To plot the feature importance we execute the following:

pd.Series(sel.performance_drifts_).sort_values(
    ascending=False).plot.bar(figsize=(15, 5))
plt.title("Permutation feature importance")
plt.ylabel("Performance drop (R2)")
plt.show()

Bar plot showing permutation feature importance determined with feature-engine

And to select the features, we simply do like this:

X_train_t = sel.transform(X_train)
X_test_t = sel.transform(X_test)

Simple!

Considerations and Caveats

It’s crucial to note that the importance derived from permutation feature importance is relative to the model’s performance. A poorly performing model may assign low importance to a feature, while a well-performing model may emphasize its importance. Therefore, always assess the model’s overall predictive power before interpreting feature importance.

The importance value is determined by the drop in performance elicited by each feature. However, it’s worth noting that the aggregated importance of individual features may not be additive when evaluated separately.

Shuffling can be computationally expensive, especially when dealing with numerous features or repeated shuffling.

Randomness, while not a significant concern for highly important features, it becomes critical for borderline important ones. To address this issue, it is critical to obtain a measure of the dispersion of the importance, like the standard deviation.

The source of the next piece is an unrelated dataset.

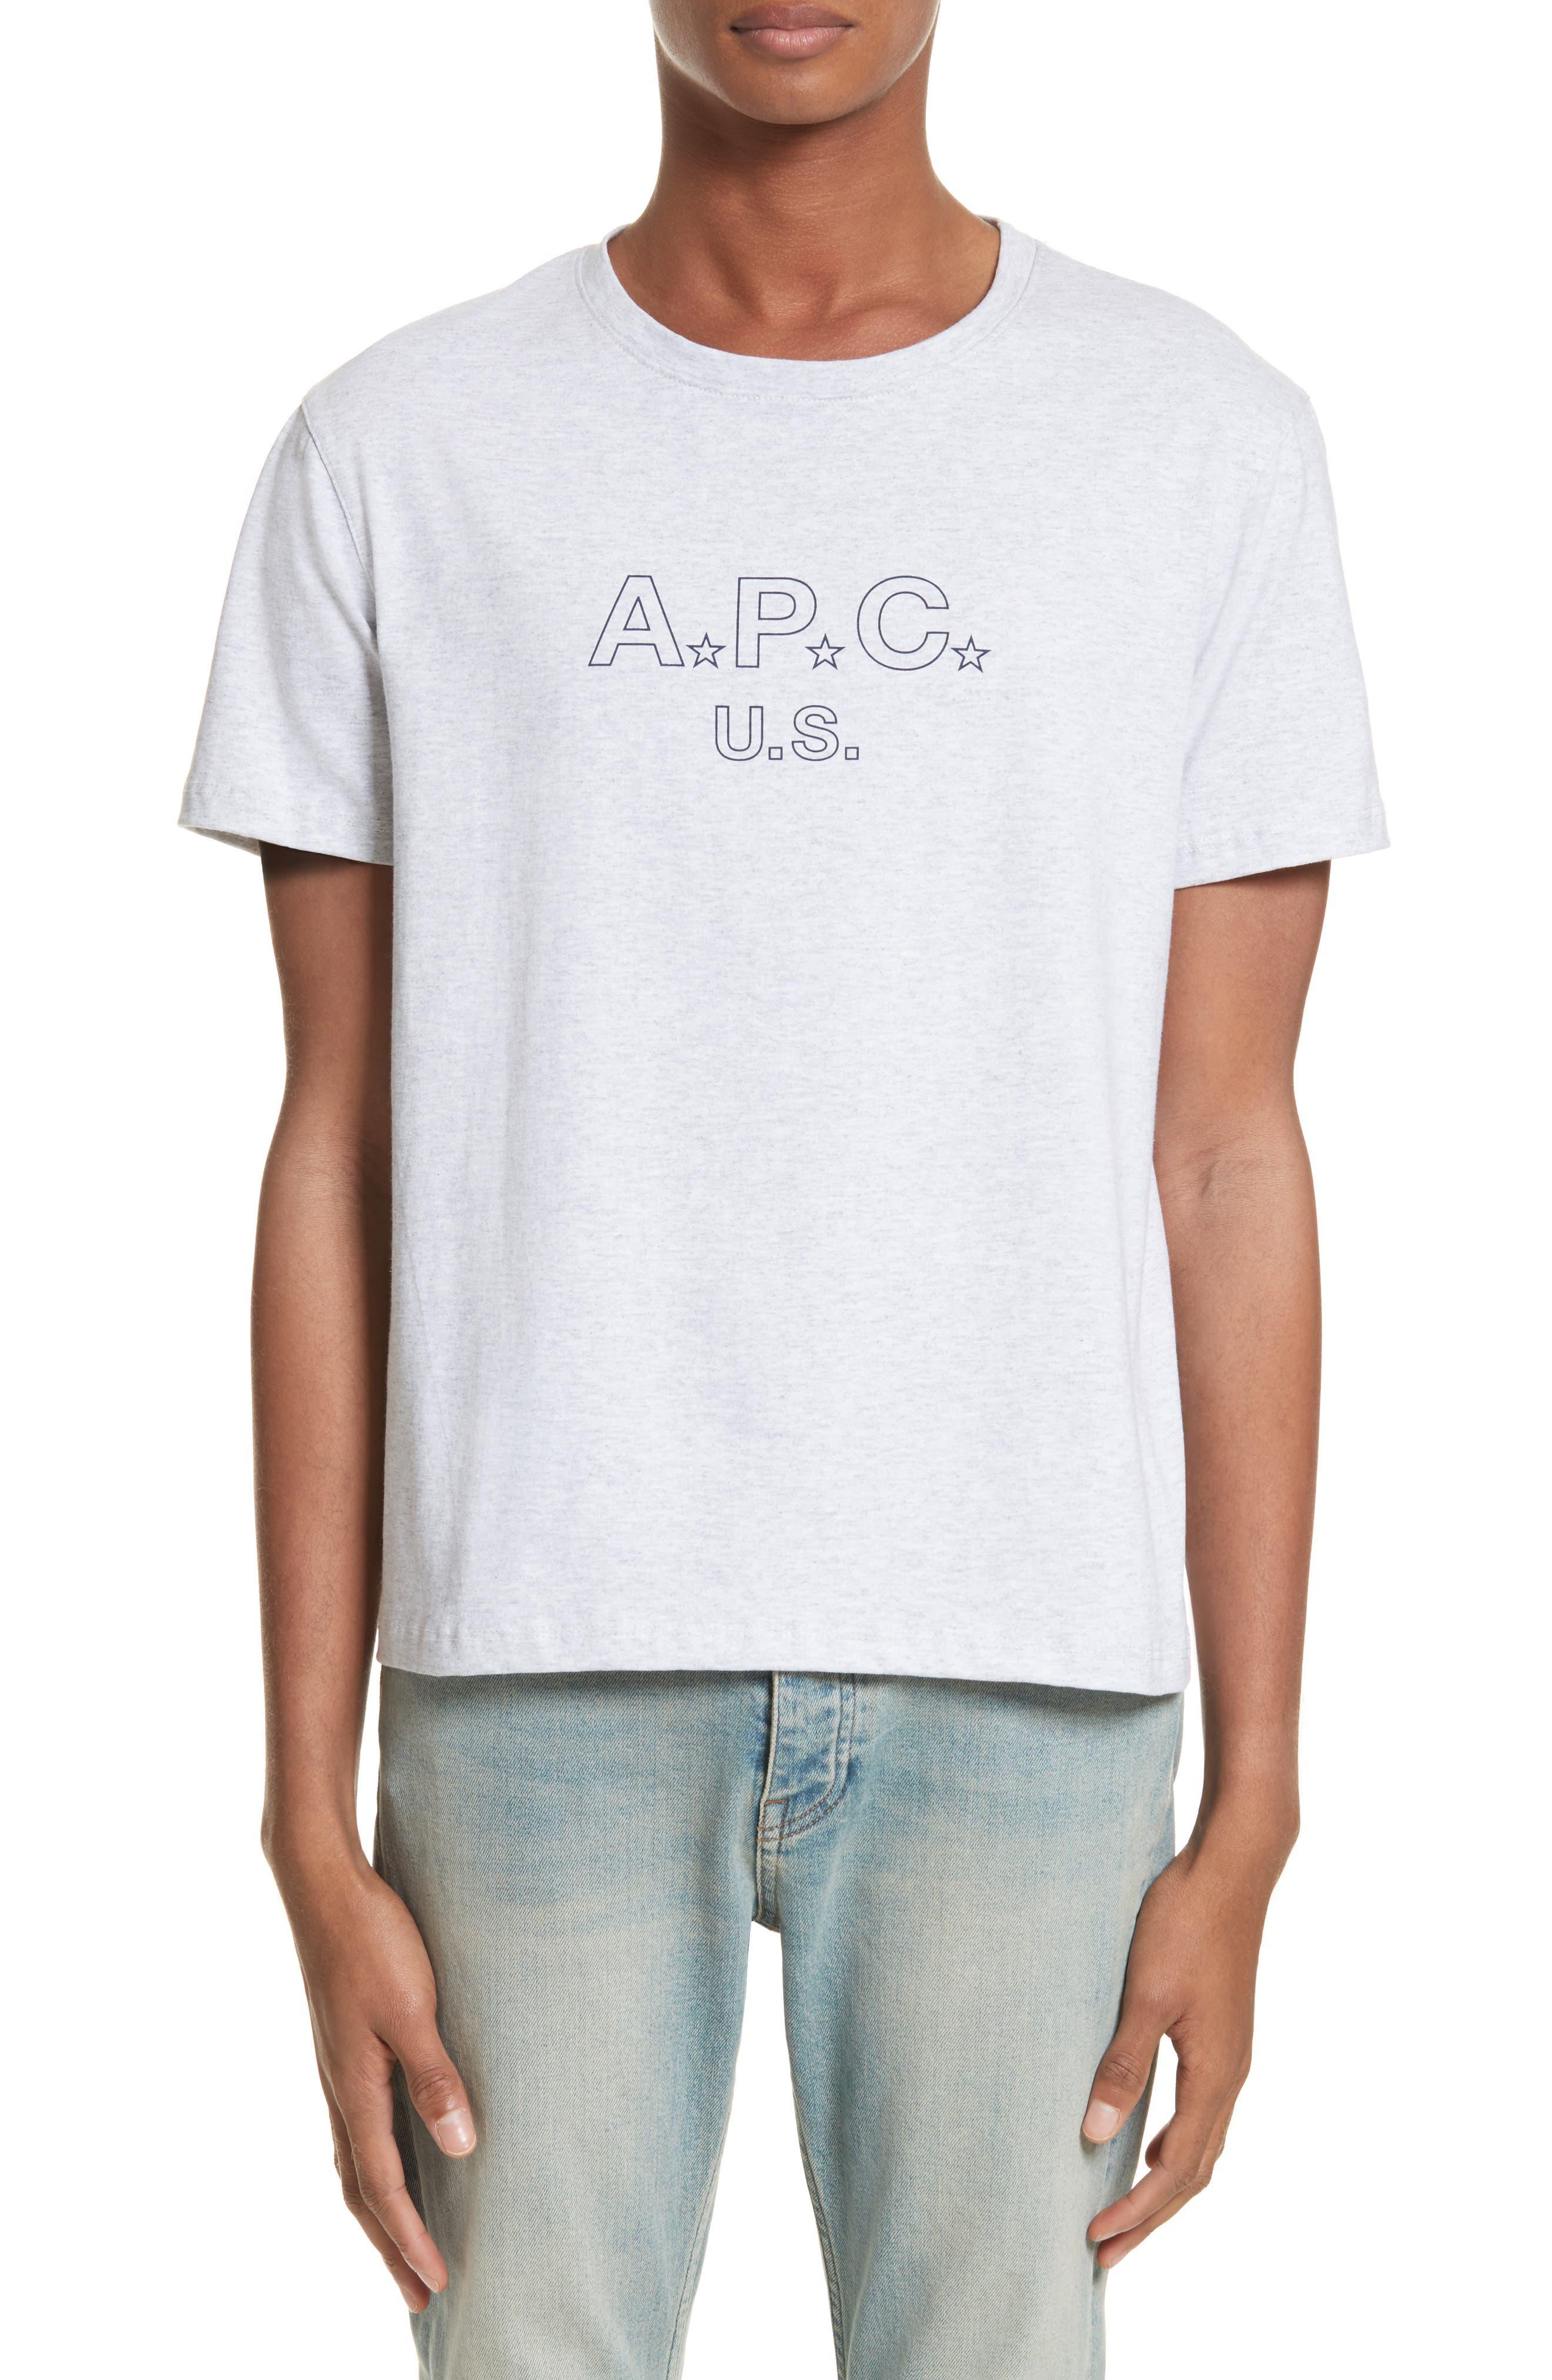 A.P.C. U.S Logo T-Shirt

Permutation feature importance is susceptible to correlation among features. Correlated features may exhibit reduced importance individually, leading to potential misinterpretation. Combining permutation feature importance with recursive feature elimination can mitigate this issue, emphasizing the importance of each feature in isolation.

In summary, when applying permutation feature importance, evaluate features in the test set, be mindful of the non-additive nature of feature importance, consider computational costs, and address issues related to randomness and correlation. This comprehensive approach ensures a more accurate understanding of feature importance in machine learning models.